===== Source material =====
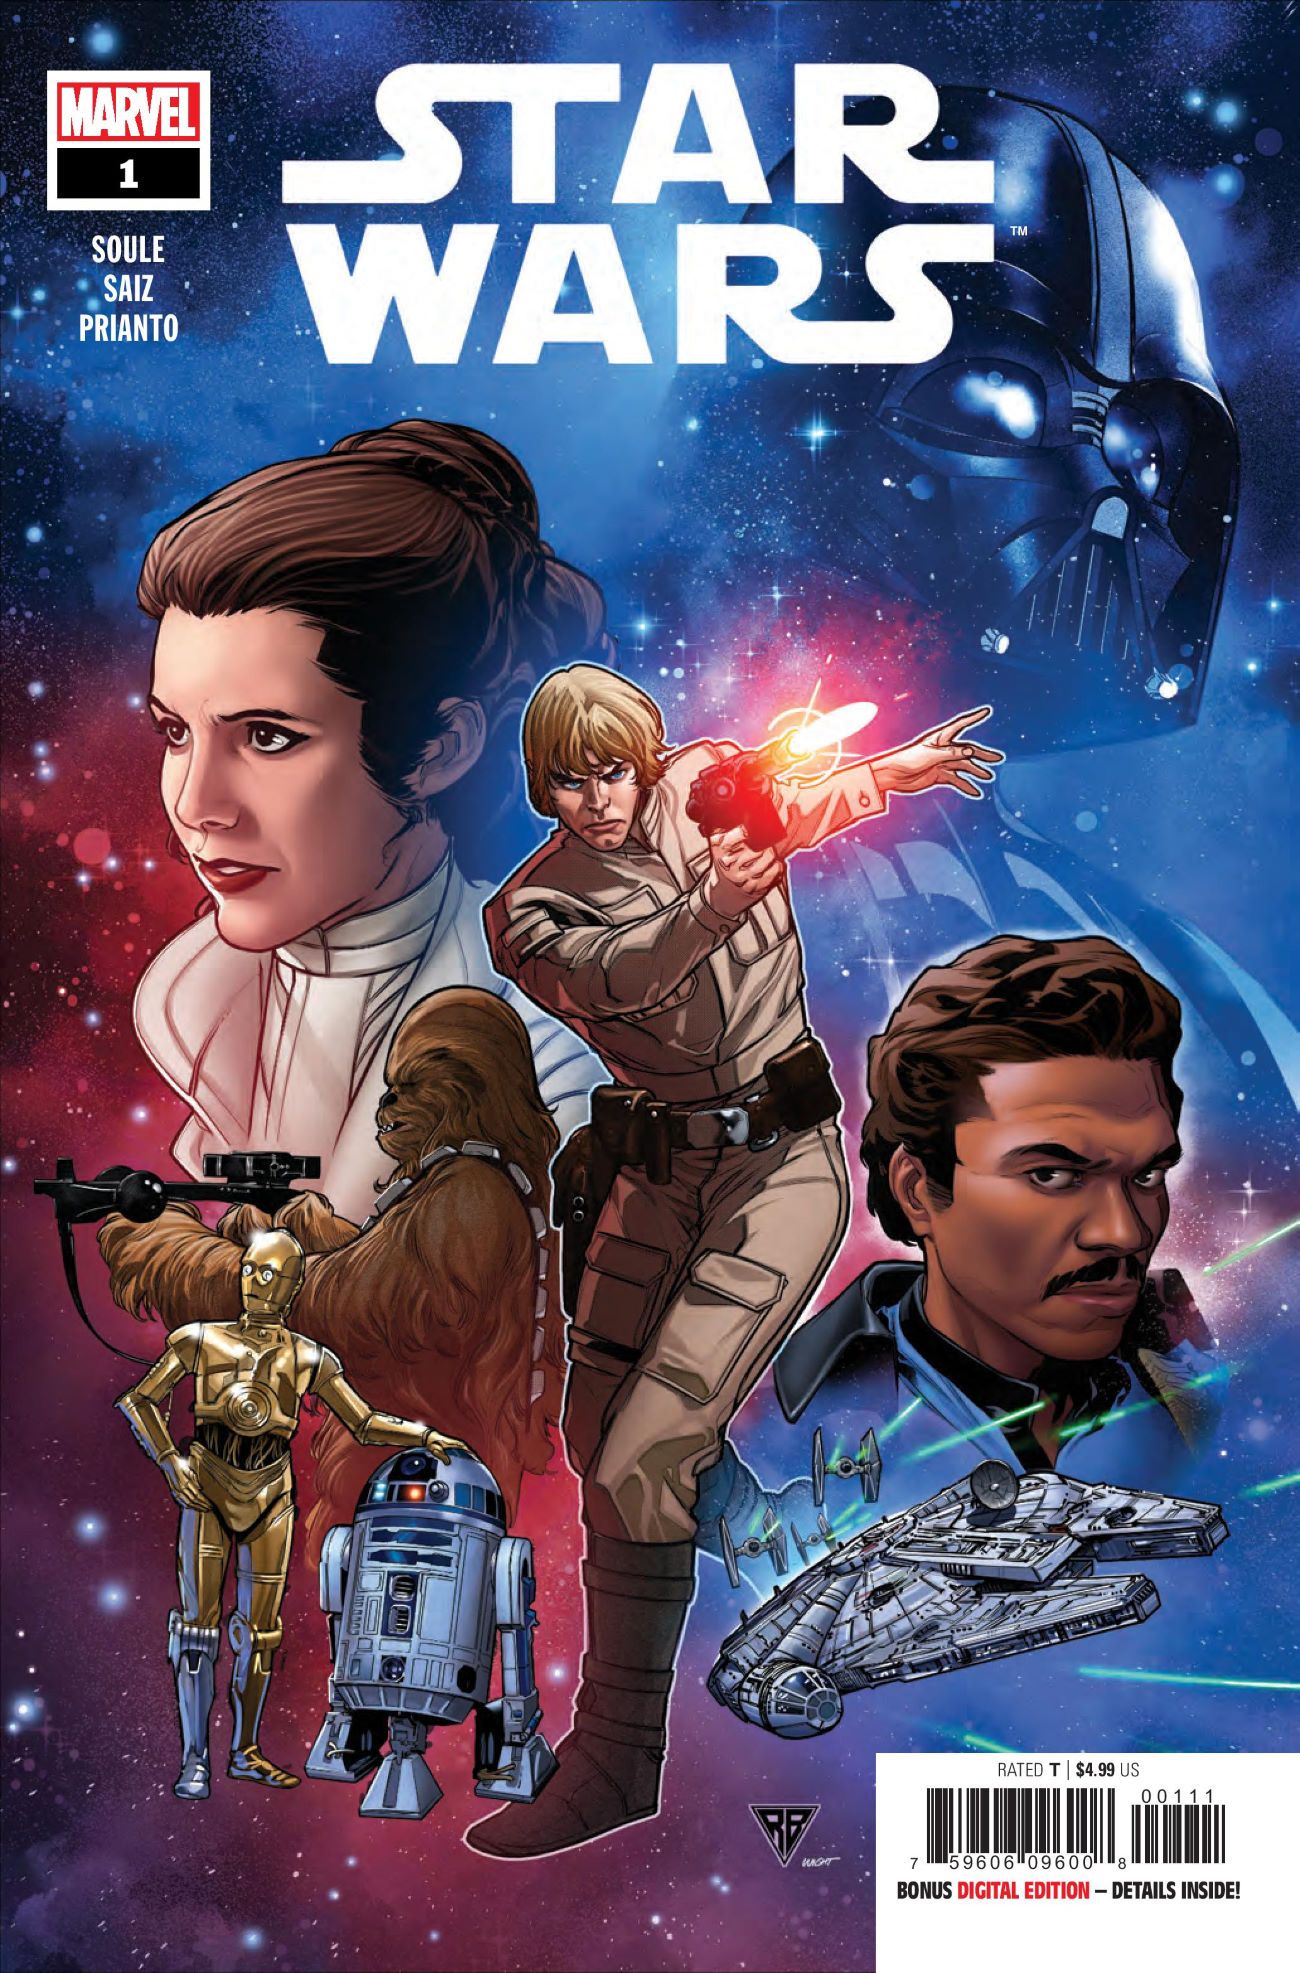 Preview: STAR WARS #1 Shows What Happened After Empire
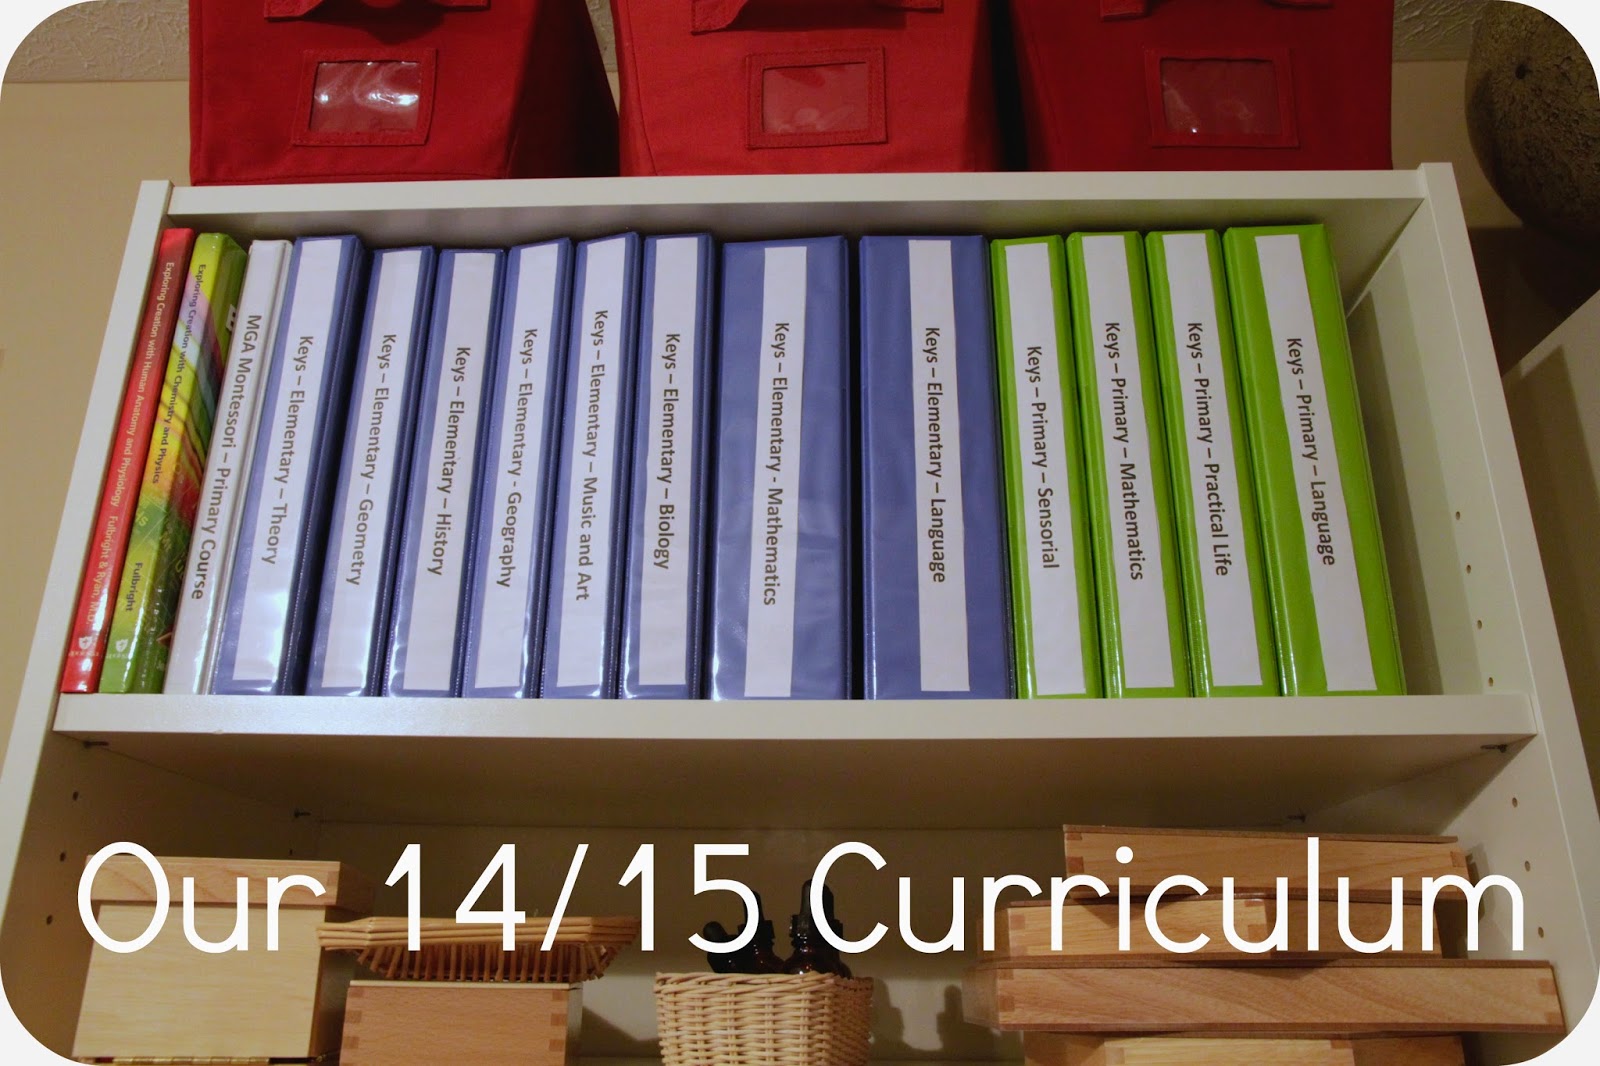 The Overdue 14/15 Curriculum Post
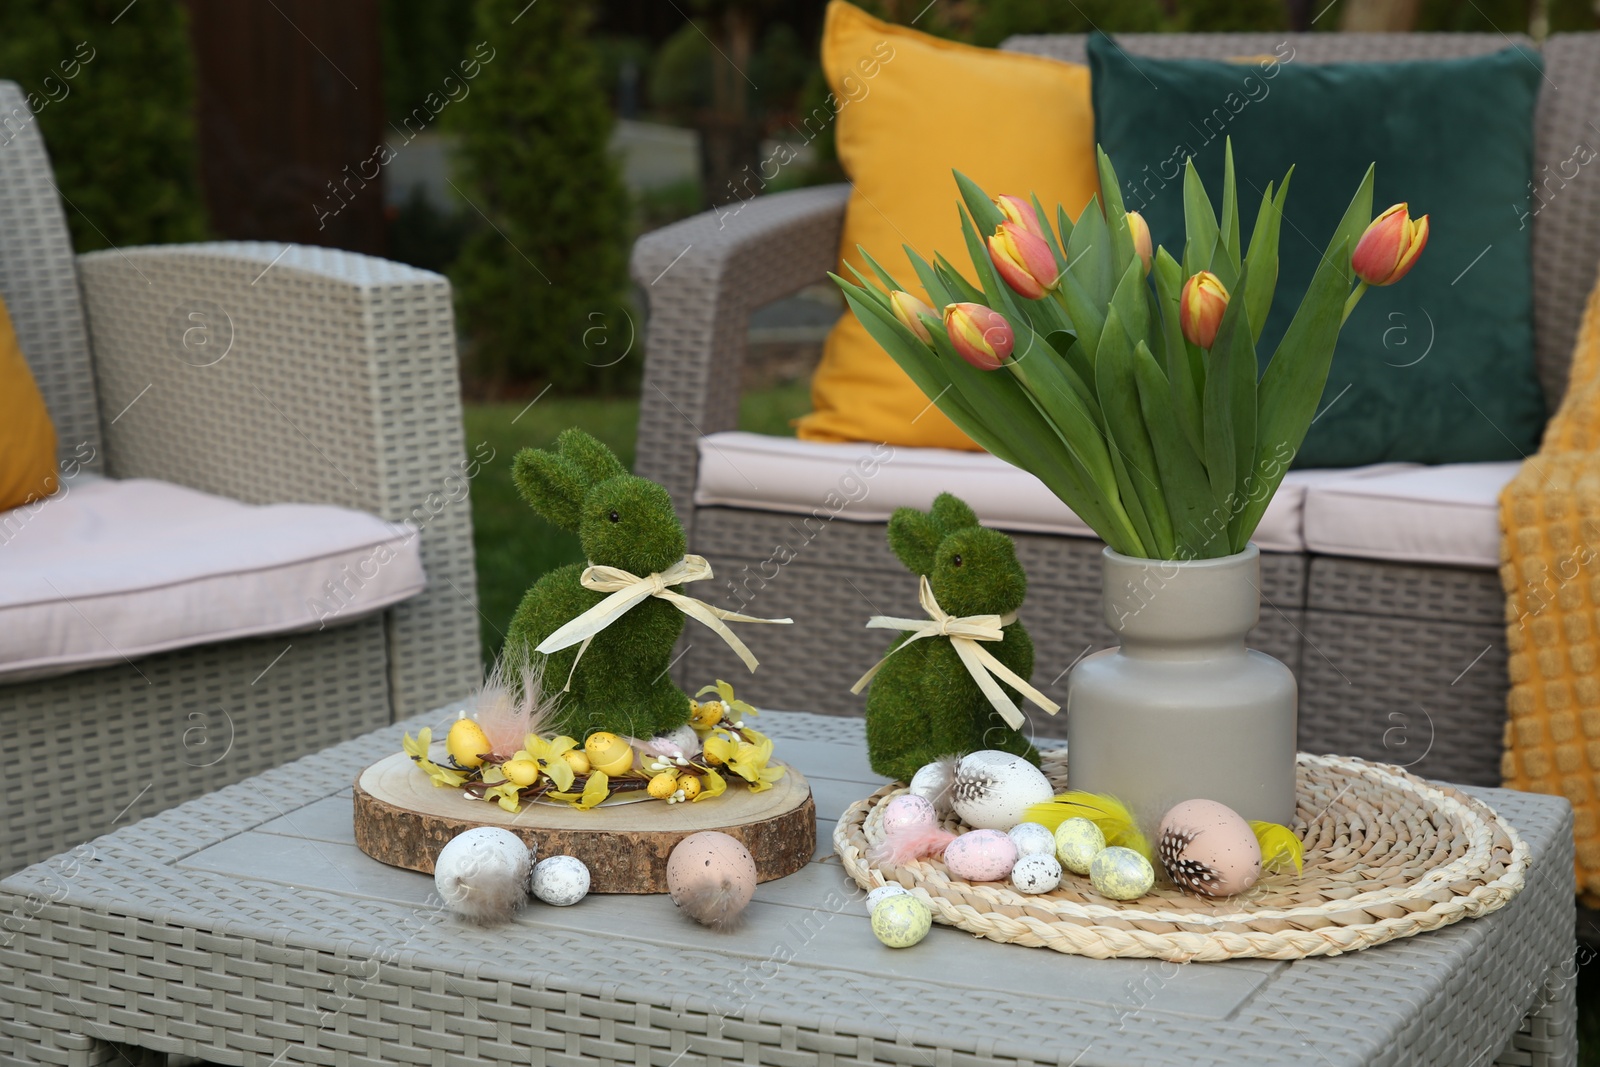 Photo of Terrace with Easter decorations. Bouquet of tulips in vase, bunny figures and decorative eggs on table outdoors
=====
Exercise goal: Restate all of the material above word for word. Pictures do not belong in it.

Result for this task:
 Preview: STAR WARS #1 Shows What Happened After Empire
 The Overdue 14/15 Curriculum Post
 Photo of Terrace with Easter decorations. Bouquet of tulips in vase, bunny figures and decorative eggs on table outdoors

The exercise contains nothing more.